→ Given records:
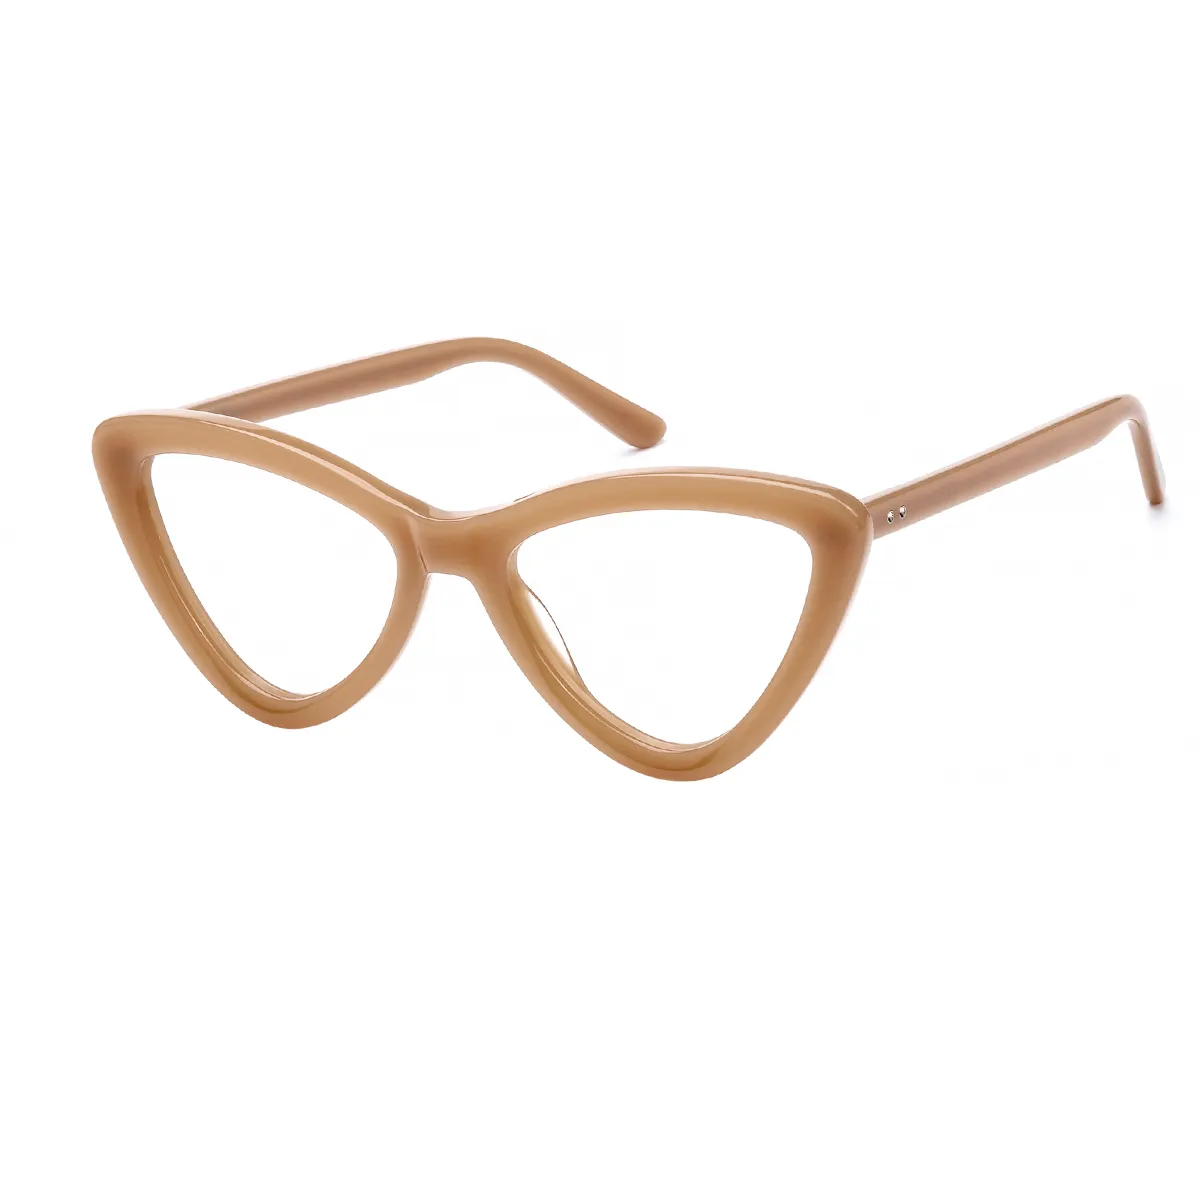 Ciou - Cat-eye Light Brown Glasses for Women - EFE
==
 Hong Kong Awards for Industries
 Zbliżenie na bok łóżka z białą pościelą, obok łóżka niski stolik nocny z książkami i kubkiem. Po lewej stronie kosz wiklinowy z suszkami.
--
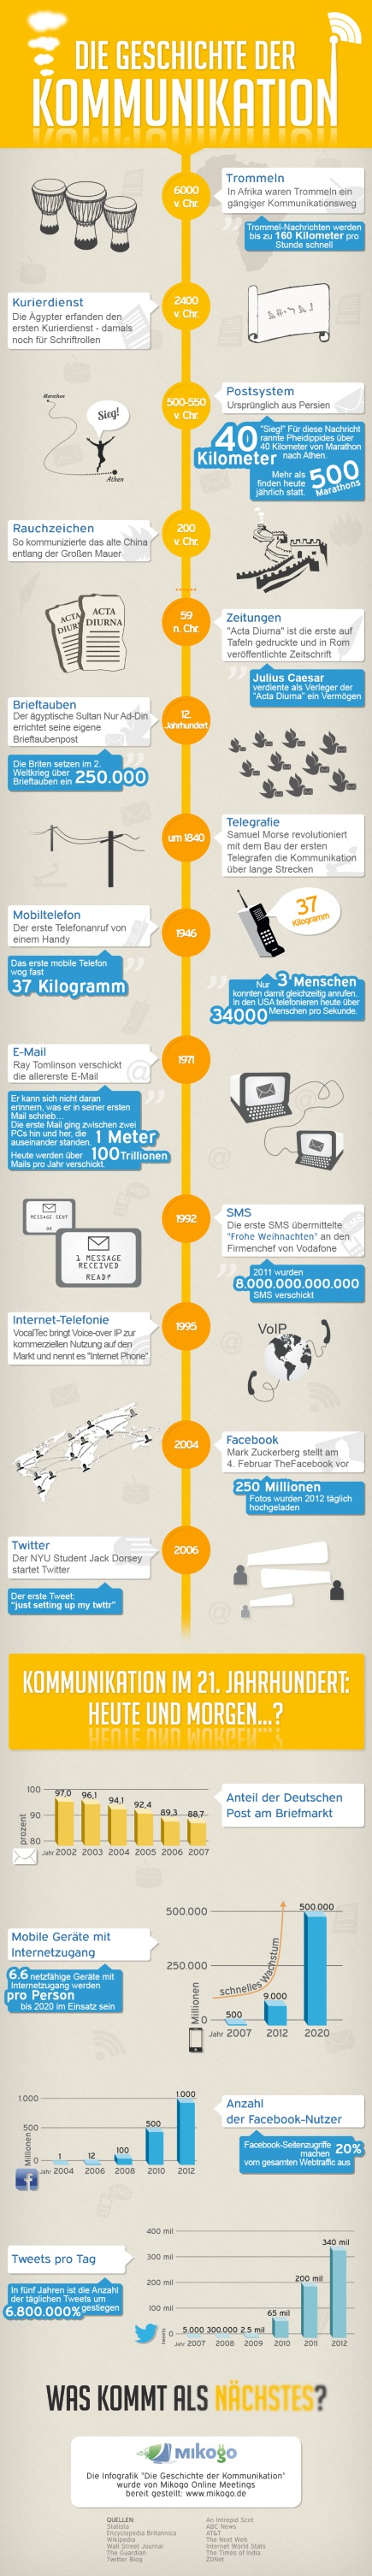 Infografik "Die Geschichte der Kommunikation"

→ Requirement: Keep both end lines and retype everything in the records above from the line containing "Hong Kong Awards for Industries" through the line containing "Zbliżenie na bok", exactly, with nothing else.

→ Finished exercise:
 Hong Kong Awards for Industries
 Zbliżenie na bok łóżka z białą pościelą, obok łóżka niski stolik nocny z książkami i kubkiem. Po lewej stronie kosz wiklinowy z suszkami.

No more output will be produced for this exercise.